В этот раз празднование намечалось в «Ресторане Охотников», где гостей поджидали только к четырём. Однако уже с утра в головном офисе традиционно никто не работал, и атмосфера там царила самая расслабленная. С дозволения Ремира, конечно же. И это несмотря на то, что в вопросах управления он бескомпромиссно придерживался авторитарного стиля и, слегка переиначив Макиавелли, считал, что босса подчинённые любят по своей воле, а боятся – по воле босса, и умный босс всегда выберет то, что зависит от его воли. А ещё он считал, что закручивать гайки непрерывно нельзя, и время от времени надо непременно отпускать хватку и давать народу отдохнуть и расслабиться. Поэтому никогда не зажимал корпоративы, не скупился на всякие тим-билдинговые мероприятия, ну а в предпраздничные дни на всеобщее тунеядство и лёгкую разнузданность поглядывал сквозь пальцы.
В этот день он и сам оставил дела насущные. Занимался лишь тем, что поздравлял руководителей других операторов и провайдеров и получал поздравления от них.
– Кого это ты там, Рем, высматриваешь? – с улыбкой спросил Макс, вразвалочку заходя к нему в кабинет.
По блеску в глазах было ясно – технический уже принял на грудь. Наверняка, со своими технарями – он с ними всегда был запанибрата.
Ремир, сунув руки в карманы, стоял у окна. К центральному входу уже заранее подъехал заказанный красный Hyundai Universe. Через два часа все отчалят в ресторан веселиться. Астафьев встал рядом, посмотрел вниз через плечо.
– О, уже и карета подана. «Сарму» будешь поздравлять?
Ответил Ремир ему без слов, тяжёлым, мрачным взглядом.
– Ты чего такой злющий? – усмехнулся Астафьев. – Наш же праздник, расслабься. Ты как народ-то поздравлять будешь с такой миной? Им же плохо станет от одного твоего присутствия.
– Не волнуйся за народ. Я не поеду.
– Что вдруг так? – удивился Макс.
– Не хочу. Мне, знаешь, вообще как-то не до веселья.
– Из-за этой фигни с «Сармой»?
– Угу, – подтвердил Ремир, хотя это лишь частично было правдой. Даже не так. Ситуация с тендером и "Сармой", если уж честно, отъехала на второй план. Сильнее прочего тревожило его другое.

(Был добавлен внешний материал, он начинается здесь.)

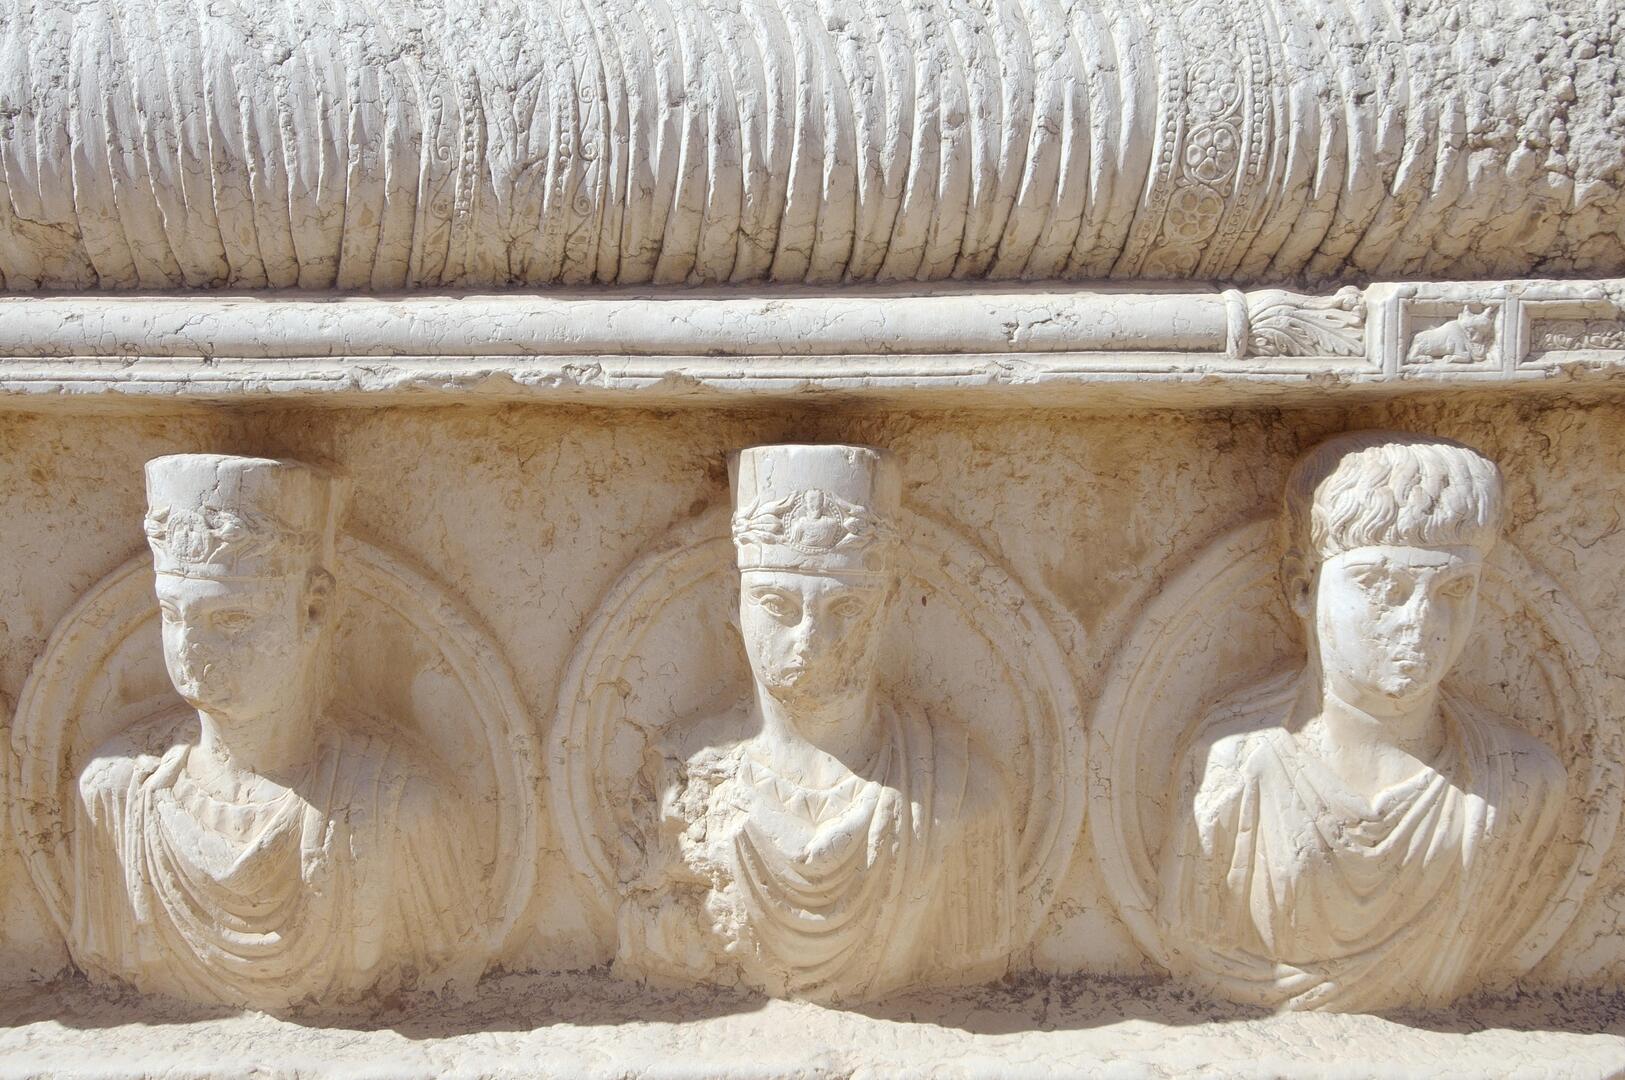 لبنان يعيد لسوريا 5 قطع أثرية مهربة ودمشق تنتظر استعادة آثار مهربة أخرى متواجدة بمتحف بيروت (صور)

Только теперь он начал осознавать, какую грандиозную ошибку совершил, взяв на работу Горностаеву, да и просто встретившись с ней. Точнее, он всегда понимал, даже когда ещё и не взял её, что лучше этого не делать и сам себе не мог объяснить внятно, почему всё-равно поступил так упрямо, глупо, почему повёлся на необдуманный порыв. Но только теперь осознал, какие масштабы и последствия лично для него нёс этот опрометчивый шаг.
Чем там он прикрывался? Накажет? Отомстит? Какая, к чертям, месть? Когда при ней он совершенно голову теряет и чуть ли в безвольного идиота не превращается, стоит столкнуться с ней взглядом. Никогда такого с ним не случалось, и как с этим совладать, он попросту не знал. И даже когда её нет рядом, она никак не идёт из мыслей.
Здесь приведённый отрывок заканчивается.